The return to orality
This shift toward lore-building isn’t just about technology, it reflects a deeper transformation in how we communicate, one that media theorists have been tracking for years. For most of human history, knowledge was transmitted orally. Stories and myths passed from person to person through constant retelling. In oral cultures, “truth” wasn’t primarily about factual accuracy but about resonance – a story mattered if it helped people make sense of their world, if it could be remembered and shared. Then came writing and print, which changed everything. Literacy encouraged linear thinking and the idea that truth could be fixed in authoritative texts. Information became something you could verify by checking the record.
But digital media is pulling us back. Walter Ong called this “secondary orality”; we haven’t lost literacy, but we’ve gained something alongside it that resembles oral communication. As Eric Levitz writes in his 2025 essay on “the decline of reading,” scrolling and swiping have displaced the sustained attention print demanded. Information now lives not in stable storage but in constant circulation, and as Levitz puts it, “information doesn’t stick when it’s stored; it sticks when it circulates.” So, repetition creates reality. In this environment, AI-generated political imagery operates less like factual claims and more like these circulating myths—evaluated not as true or false, but as resonant or flat.
Living in the lore
We’re not (only) facing a crisis where we can’t tell what’s true anymore. We’re facing something stranger, where the truth is competing with mythic stories, and in that competition, facts are often at a disadvantage.
You can fact-check a deepfake. You can debunk a specific false claim. But how do you fact-check a vibe? How do you debunk an atmosphere? The accumulation of AI-generated lore doesn’t make falsifiable claims, it creates emotional environments and narrative frameworks that operate below the level of conscious evaluation. This is what makes lore-building so much more pervasive than deepfakes. It doesn’t need to deceive to work, it just needs to circulate, to repeat, to become part of the ambient mythology we swim in.

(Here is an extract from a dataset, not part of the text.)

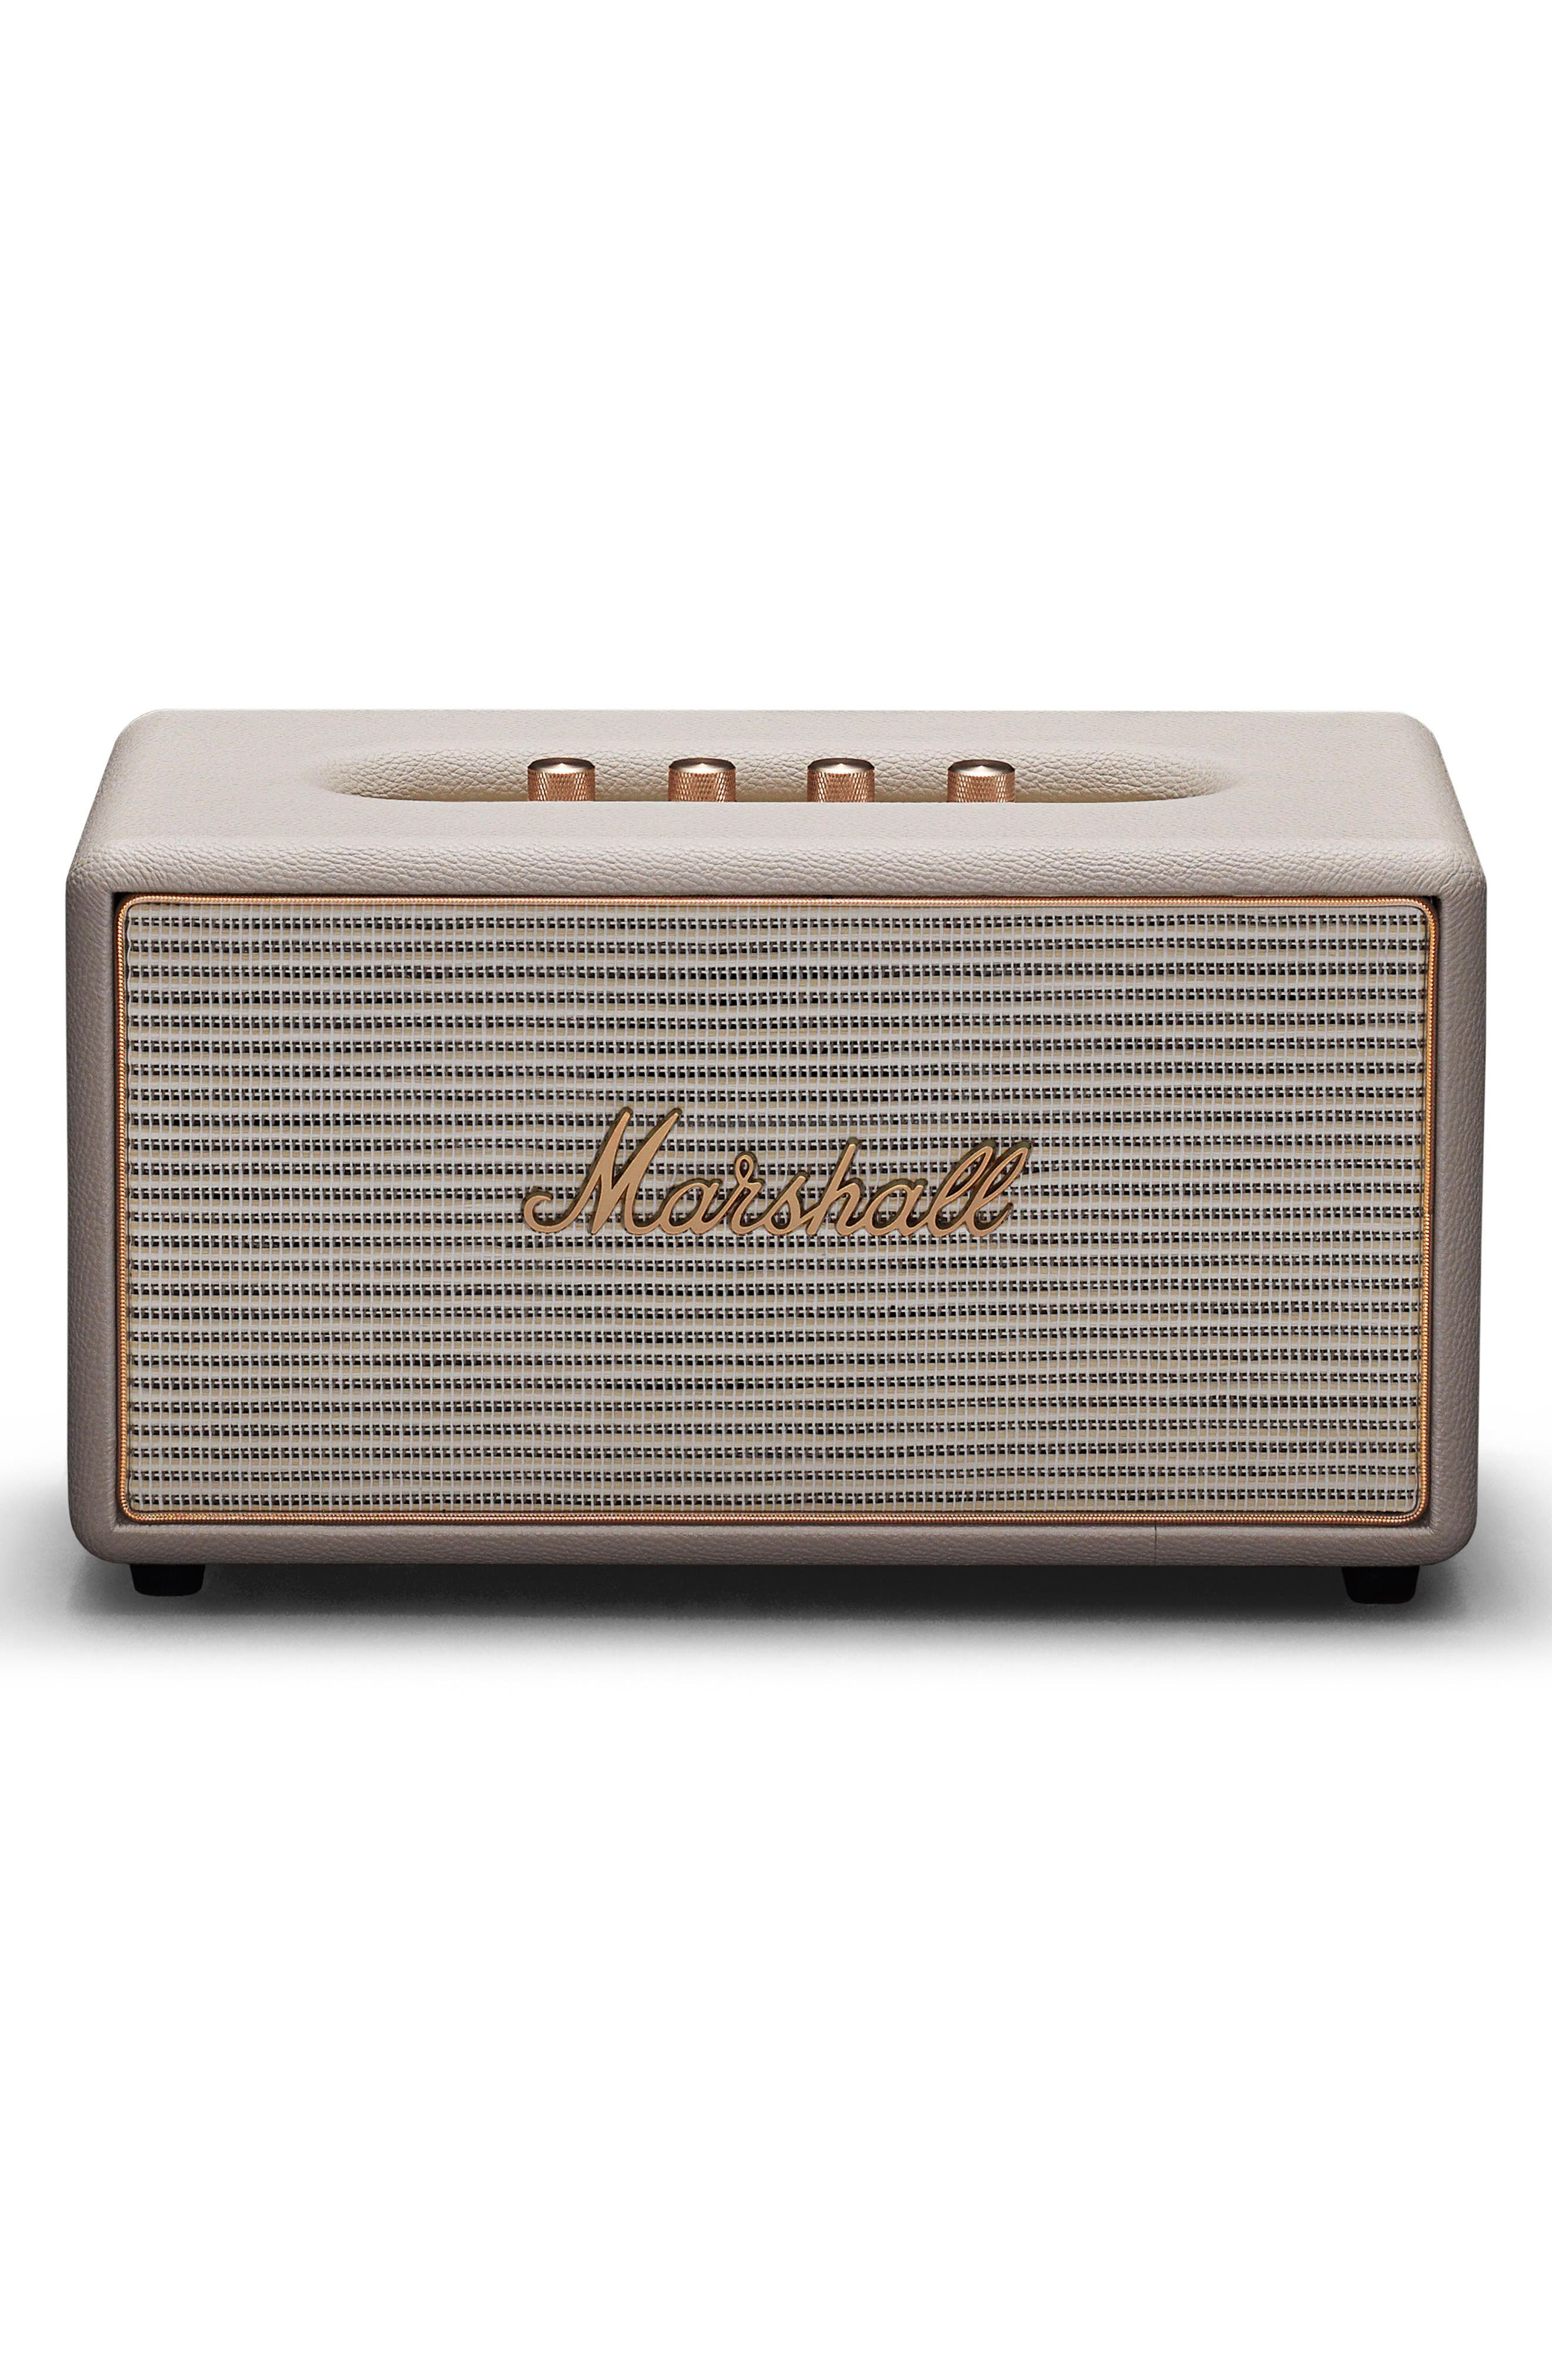 Marshall Stanmore Multi Room WiFi & Bluetooth Speaker

And because AI makes myth production nearly costless, we’re all living inside multiple competing lores now, each reinforced by algorithmic abundance.

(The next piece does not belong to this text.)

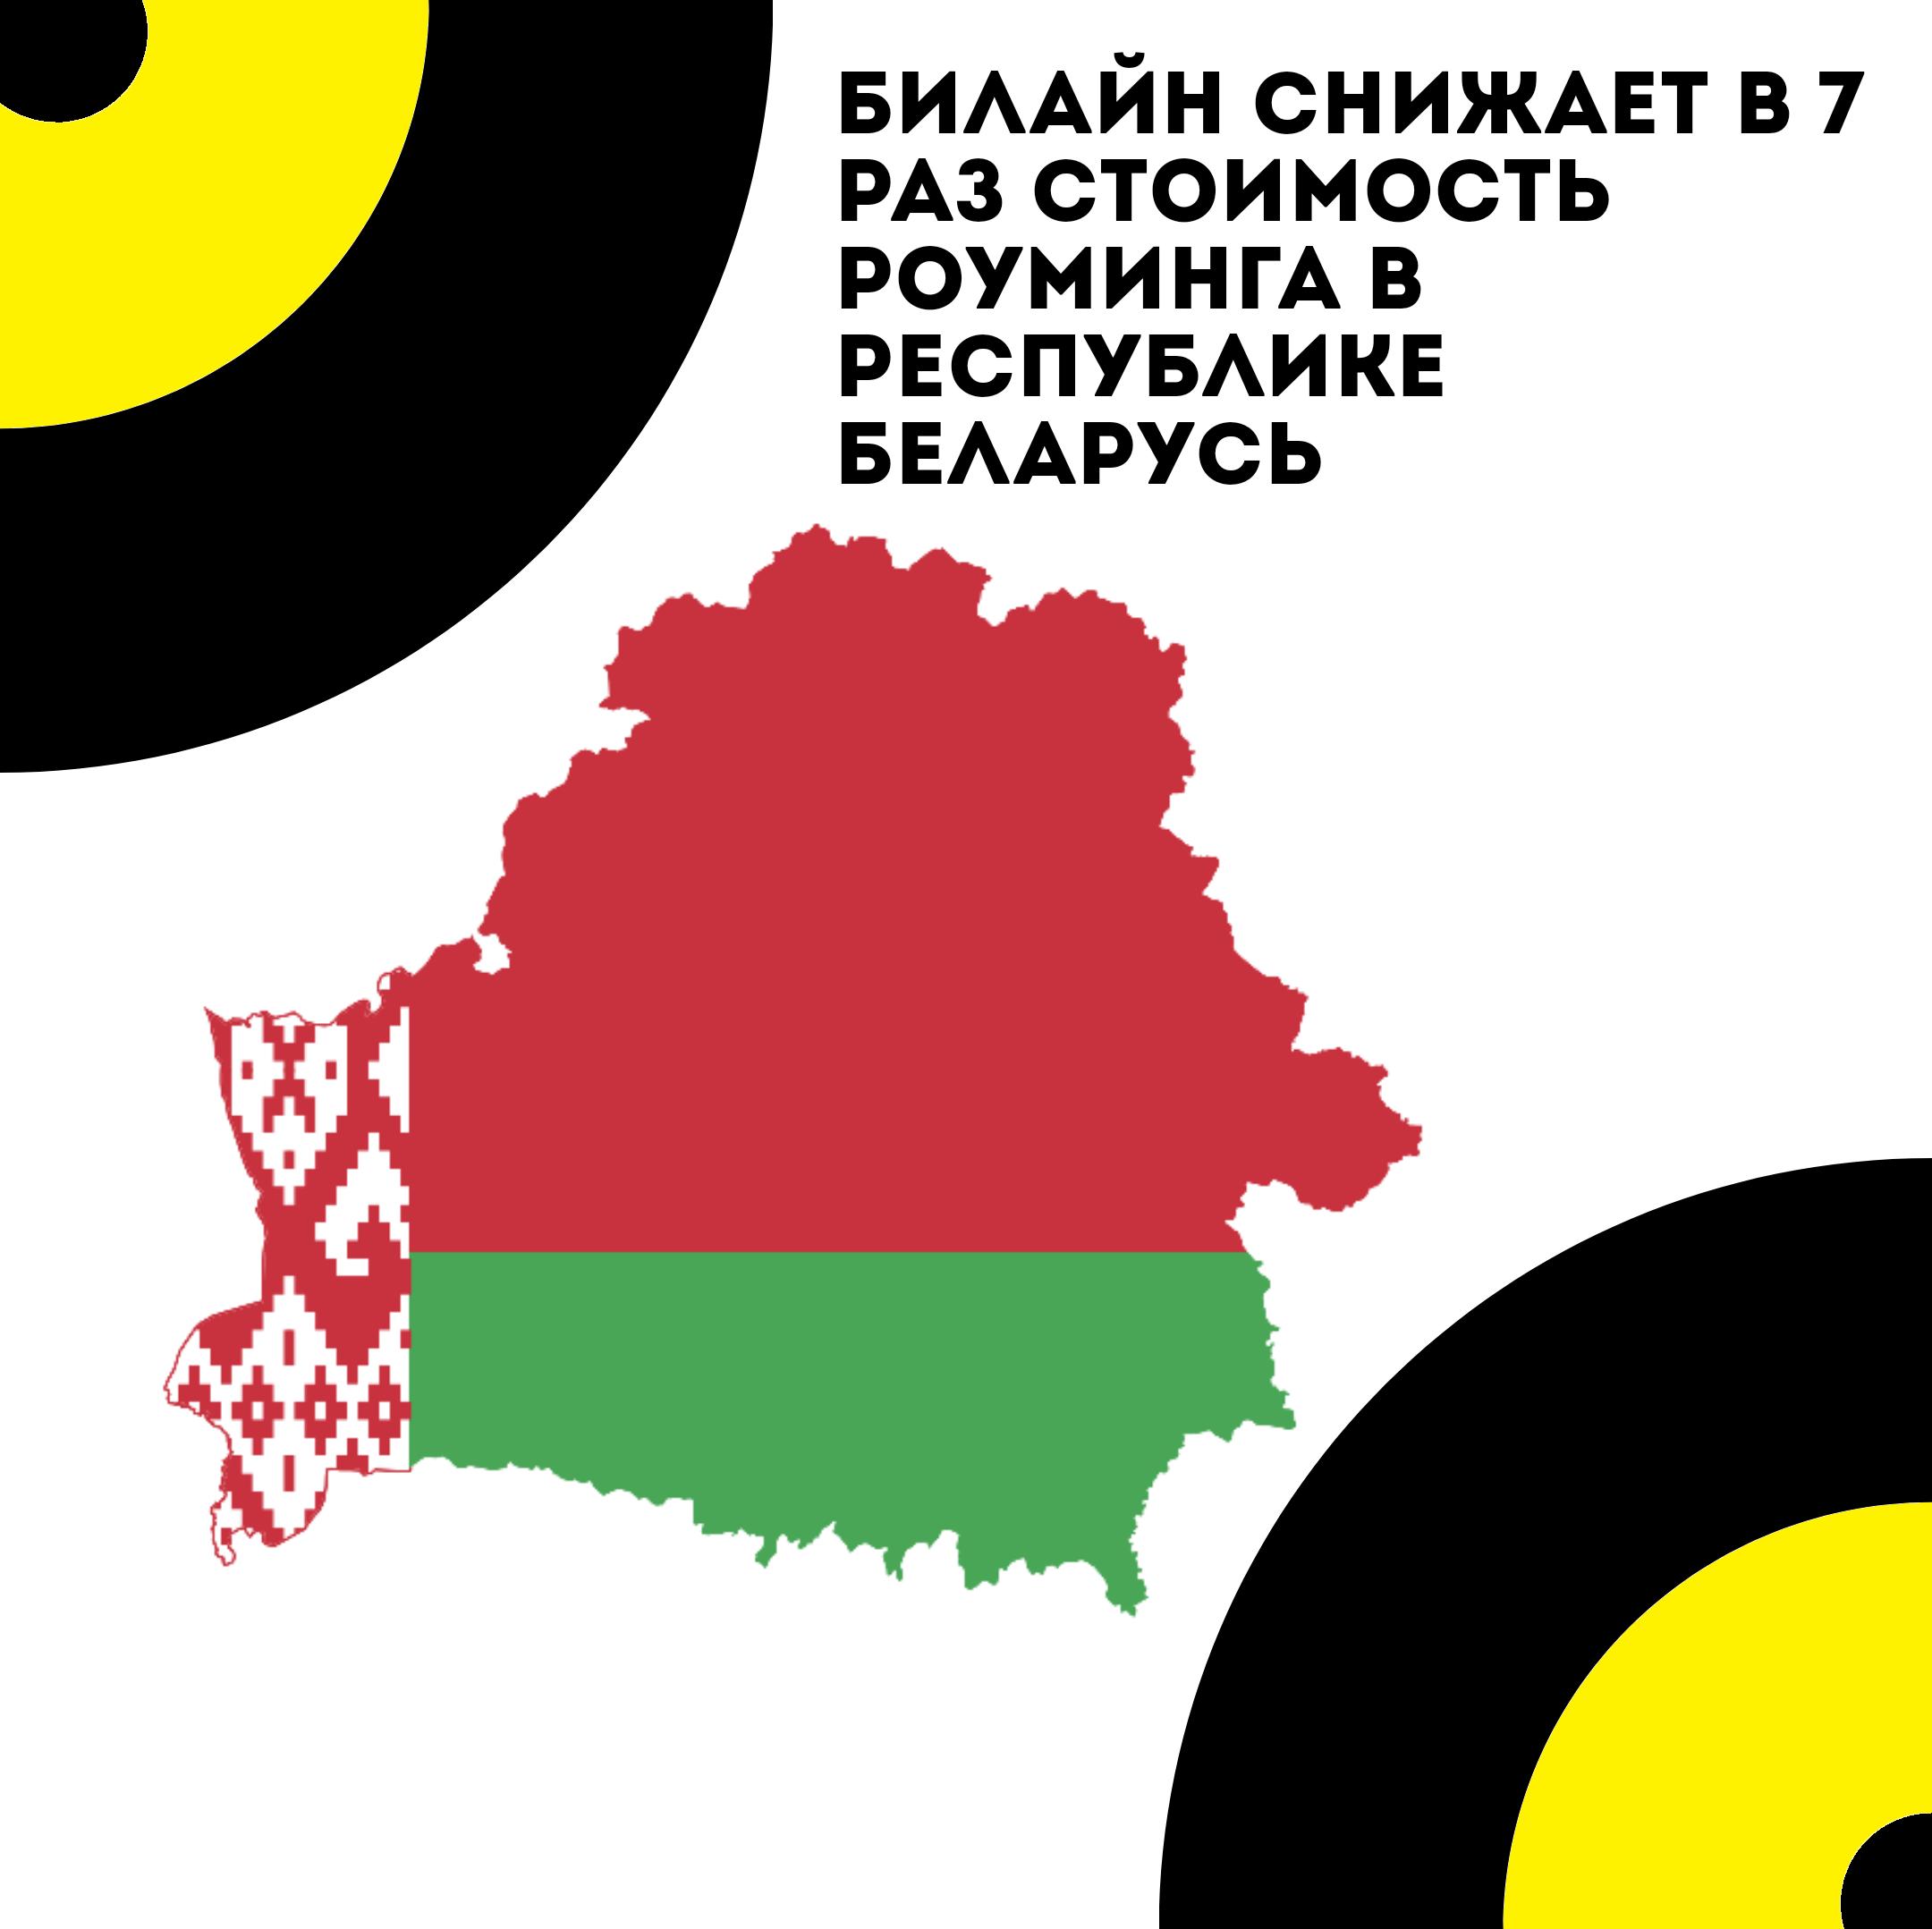 Билайн снижает в 7 раз стоимость роуминга в Республике Беларусь 1

The deepfake panic imagined a future where sophisticated forgeries would destroy our ability to know what’s real. But the actual present is weirder: we’re generating fakes, we know that they’re fakes, we’re sharing them anyway, and they’re shaping our reality regardless. The images don’t claim to be true. They don’t need to. They just need to feel right, to resonate, to become the stories we tell about power and who deserves it.
Maybe that’s the real shift: not that we can’t tell truth from lies, but that we’ve learned to live in mythologies that we know are constructed and that work on us anyway.